Alaphilippe, anche se la Quick Step non è interamente votata alla sua causa e lui, fino ad oggi, non ha brillato: è pur sempre il vincitore uscente, terzo anche nel 2017; van Aert, splendido vincitore della Strade Bianche e capitano unico della Jumbo-Visma, capace di scoccare il colpo sul Poggio e di regolare la maggior parte dei corridori veloci in volata; Bettiol, un corridore che vince poco ma assolutamente temibile quando si trova a suo agio: nel giro di un mese lo scorso anno conquistò il Giro delle Fiandre, fu quarto ad Harelbeke e sfiorò la vittoria di tappa alla Tirreno-Adriatico, dimostrando di saper capitalizzare come pochi altri i periodi di forma migliore.

©Milano Sanremo, Twitter

Pur non godendo dello stesso credito di altri, non possiamo dimenticarci di Van Avermaet e Naesen: il primo perché non molla mai e la Milano-Sanremo gli calza abbastanza bene, anche se l’età inizia a pesare e la completezza – quasi eccessiva – non ha mai giocato in suo favore; il secondo perché cresce di stagione in stagione e lo scorso anno fu il primo dei battuti – e poi ottavo ad Harelbeke, terzo alla Gand-Wevelgem, settimo al Giro delle Fiandre.

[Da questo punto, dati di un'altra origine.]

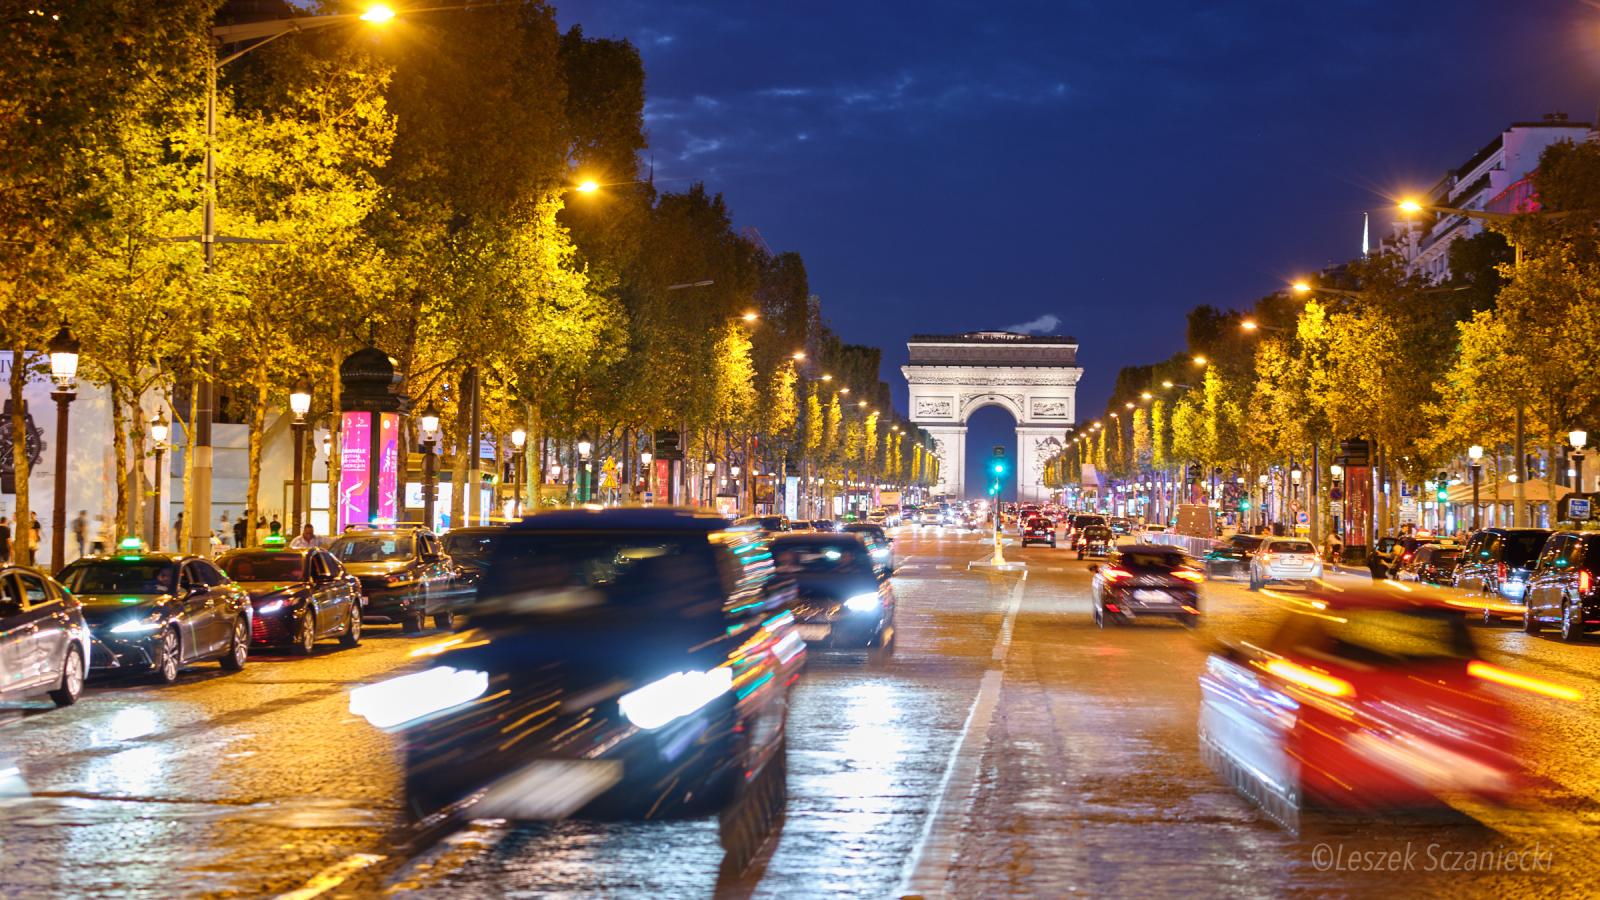 The Arc de Triomphe &amp; the Champs Elysées

L’incertezza che caratterizza la Milano-Sanremo si arricchisce, almeno per quest’anno, di due ulteriori capitoli. Quello su Kwiatkowski, innanzitutto, uno dei corridori più letali quando si parla di classiche, capace di rimanere nell’ombra per chilometri e settimane per poi fare fuoco – col silenziatore, quando uno non se l’aspetta. Alla Milano-Sanremo è di casa: primo nel 2017, undicesimo nel 2018, terzo lo scorso anno. Dalle difficoltà psicofisiche del 2019 sembra essersi ripreso, alla Strade Bianche è parso in ripresa nonostante il dodicesimo posto finale a dieci minuti da van Aert. Potrebbe sfruttare, e probabilmente lo farà, la presenza di Moscon e Swift per confondere i suoi rivali: nel silenzio e nell’oscurità Kwiatkowski sa attendere come pochissimi altri.

L’altro nodo che soltanto la corsa potrà sciogliere si chiama Mathieu van der Poel, uno dei favoriti della vigilia oppure l’outsider principale, a seconda dei punti di vista. La corsa è semplicemente perfetta per le sue caratteristiche, o magari è lui ad essere perfetto per la Milano-Sanremo. Tuttavia, il crollo verticale di Harrogate e le difficoltà patite alla Strade Bianche non sono passate inosservate: il talento è indiscutibile, la prestanza atletica talvolta disarmante, ma i trecento chilometri e il caldo di agosto potrebbero ridimensionare notevolmente le sue possibilità. Il fatto che riesca a rendere incerta anche la prestazione di uno come van der Poel dà l’idea dell’unicità della Milano-Sanremo.